Poi il trucco: si vabbé, ogni tanto un po’ di ombretto e eyeliner ci scappa, ma niente piú trucco quasi completo di un tempo. E chi ce la fa con un bimbo appeso ad una gamba e l’altro in braccio? Ho trovato un’ottima crema colorata per il contorno occhi che funge anche da copriocchiaie, idem per il viso, cosí si protegge la pelle e si nasconde il colorito da Gollum, e, se ci scappa, un pochino di mascara nero per dare un’aria leggermente piú sveglia. Nelle sere di festa, il lucidalabbra.

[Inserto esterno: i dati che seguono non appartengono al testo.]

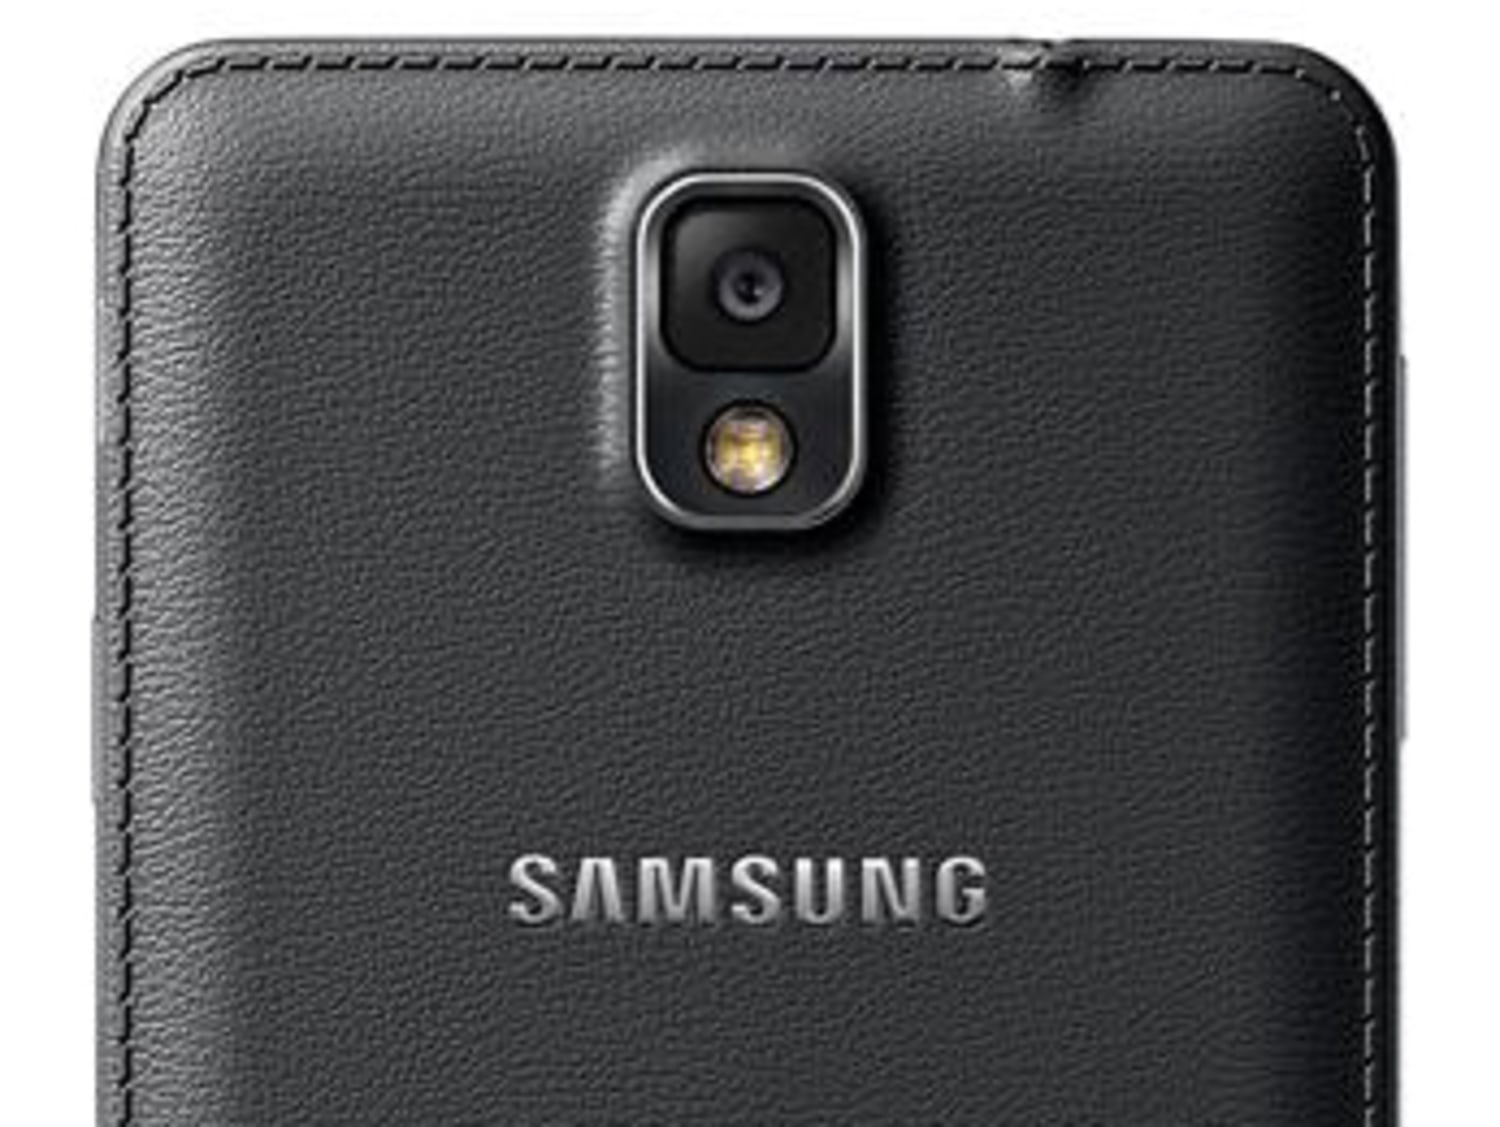 Specialiteit Kliniek Historicus New Samsung Galaxy Note 3 phablet has 5.7-inch screen

E qui mi concedo un piccolo excursus. Qualche tempo fa ho fatto ordine tra i vecchi cosmetici, trovando finalmente il coraggio di buttarne alcuni. C’erano ancora i mascara colorati blu e verdi dell’adolescenza, il primo ombretto comprato con la paghetta in prima liceo, la matita verde acqua presa ai grandi magazzini di Parigi perché “si intonava bene con i miei occhi”, il quotatissimo rossetto rosso scuro 419 della rimmel che ci passavamo nei bagni dell’università. É stato tenero, malinconico e difficile, anche se ero perfettamente consapevole che il mio viso non avrebbe mai piú indossato quella tavolozza improbabile di colori, ma ho trovato il coraggio di buttare quasi tutto, prima che irrancidisse completamente. Peró che strano pensare che questo di oggi è il futuro che io sognavo con il 419 perso tra i manuali di matemarica, un lavoro che mi piacesse, un uomo favoloso da amare, una famiglia. Fine excursus.

Per i vestiti, vedremo piú avanti, quando avró perso questi benedetti ultimi 3 kg. Ultimamente mi sono un po’ troppo appiattita su tute e maglioni larghi, ma sto in casa e voglio stare comoda. Sicuramente un occhio va dato ai tessuti. Niente golfini pelosini e delicati, niente magliettine traforate, insomma, niente che non possa andare in lavatrice al primo rigurgitino o abbraccio inzaccherato.

Rimangono le scarpe. Sotto il letto ho un paio di sabot neri con cinturini incrociati e tacco da 11 centimetri. Già, un tempo portavo spesso scarpe con il tacco piú o meno alto. Credo che prepareró loro un altarino in un angolo dell’armadio in onore dei penati e dei tempi passati. La mia schiena e il mio equilibrio non mi consentono ormai nulla di piú alto di un paio di centimetri con un bimbo in braccio. Quindi via libera alle ballerine, ne ho già comprato due paia la scorsa estate, e agli stivali, che adoro, ma bassi. I tacchi, anche quelli, li conserveró per tirarli fuori ogni tanto e ricordarmi la gioventú spensierata. Anche se devo dire che sono molto piú felice ora, e non mi mancheranno troppo.

E voi, amiche mamme, come avete cambiato il vostro look da quando avete prole?